她自鸣得意了好久,目光渐渐投向了魏婆隔壁的那扇房门,如果她没有猜错,那应该是他的卧室。
吴若初整颗心都装满了好奇,小步小步地踏了进去,那时她并不知道,自己将来会在这里度过一千多个夜晚,会躺在这张床上,借着这扇窗透进的天光梳妆,会跟房间的主人长久拥抱,一秒钟当作一生……
此刻,她只是环视着这个房间,并没有发现什么称得上是特殊的东西,全是一目了然、最低限度的生活必需品,唯一吸引眼球的,只有床头柜上放着的一个小相框。她屏住呼吸将它拿起,里面是一张略微泛黄的黑白照。
照片中的年轻女人面容恬柔,笑意温煦,深情地望着前方。
在女人的眉眼间,可见一丝熟悉的影子,那是极其细微的相似。无需多想,她也能明白他摆在床头日夜相伴的照片,里面的人是谁。
她轻触相框的表面,指尖沾染了女人的一抹微笑,然后满心敬意地将相框放回原位,双手合十,深深地鞠了一躬,也不在乎有没有观众。
后来吴若初在后院发现了一个脸盆,里面装着几件待洗的衣物,有他的,也有魏婆的,她把它们全都给洗了,铺展在院中扯起的晾衣绳上,大功告成,正准备喘口气,却听到魏婆房中传来剧烈的咳嗽。
吴若初吓了一跳,飞奔到魏婆房间,只见魏婆撑在床头,憋红了一张脸,表情痛苦,涕泪横流,咳声尖锐而又抽搐。

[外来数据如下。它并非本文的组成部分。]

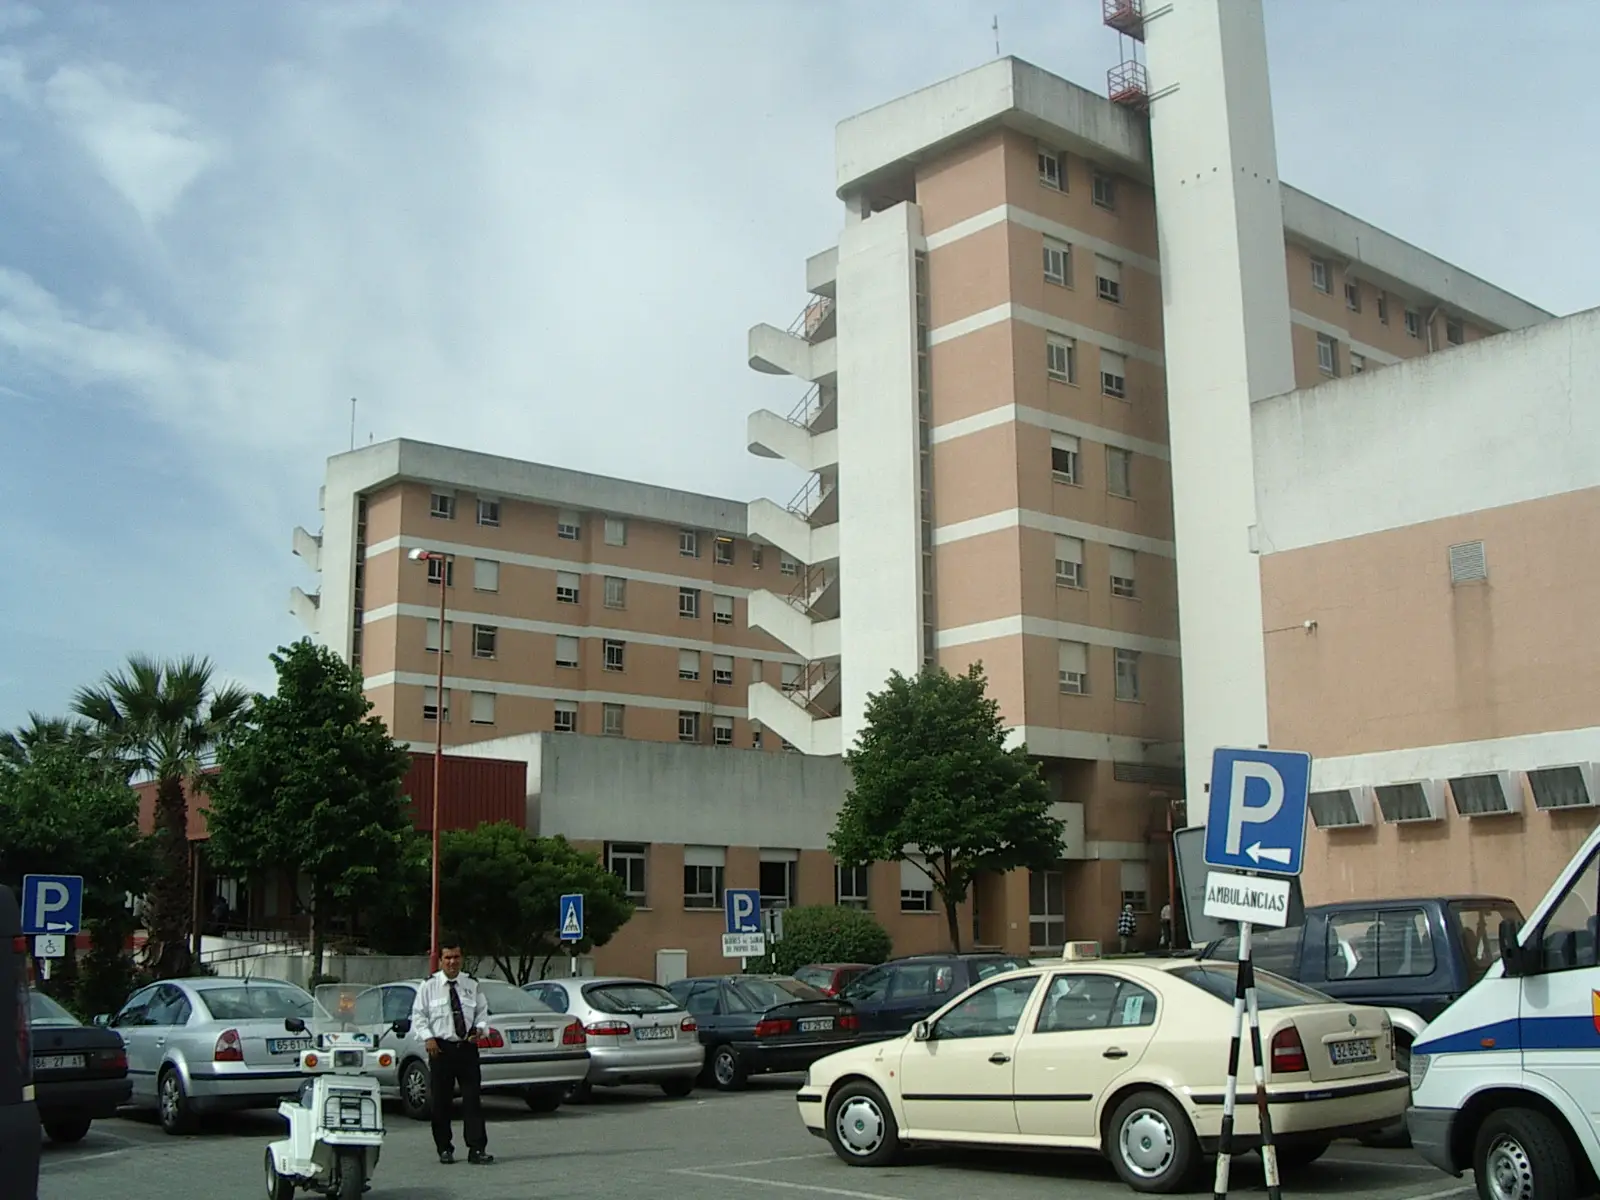 Utentes do Seixal pedem esclarecimentos sobre demissões no hospital de Almada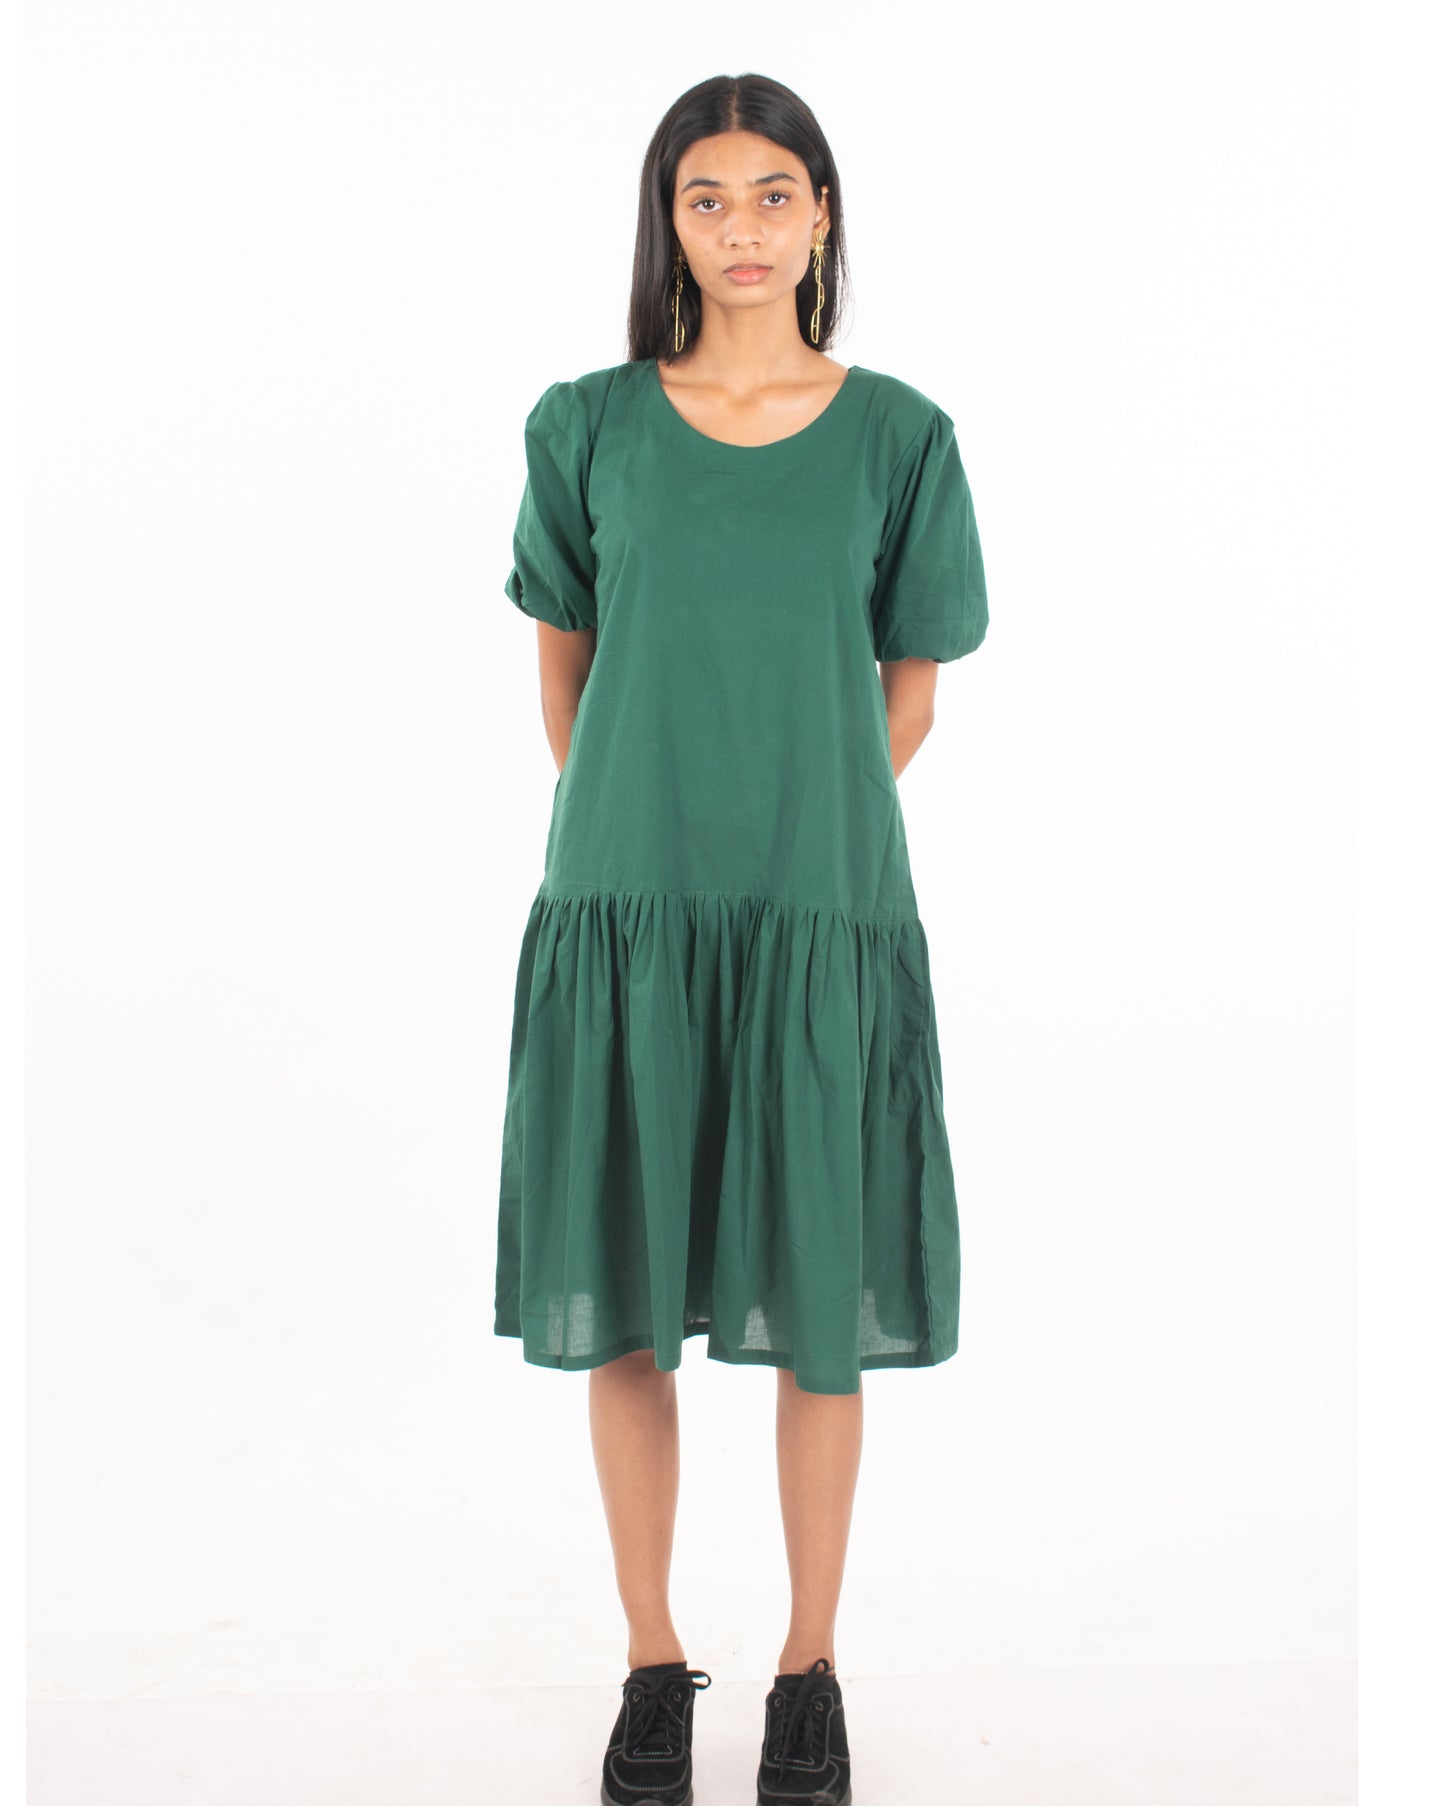 Sunday Brunch Dress (Green)

“外婆,你怎么了?”吴若初手忙脚乱替魏婆拍背,却毫无经验,魏婆做了个捶的手势,示意她再拍重一点,她加重了力道,额上冒汗,怕自己照顾不好魏婆,害老人家出什么事,大力的拍击之下,她的手都开始发痛了……
老人的背部起伏颤抖得越来越激烈,万幸的是,好像斗争了一个世纪那么久,魏婆终于毫无征兆地咳出一口痰,由于张着嘴没能收住势,那口浓痰直接飞到了吴若初裸露的手臂上。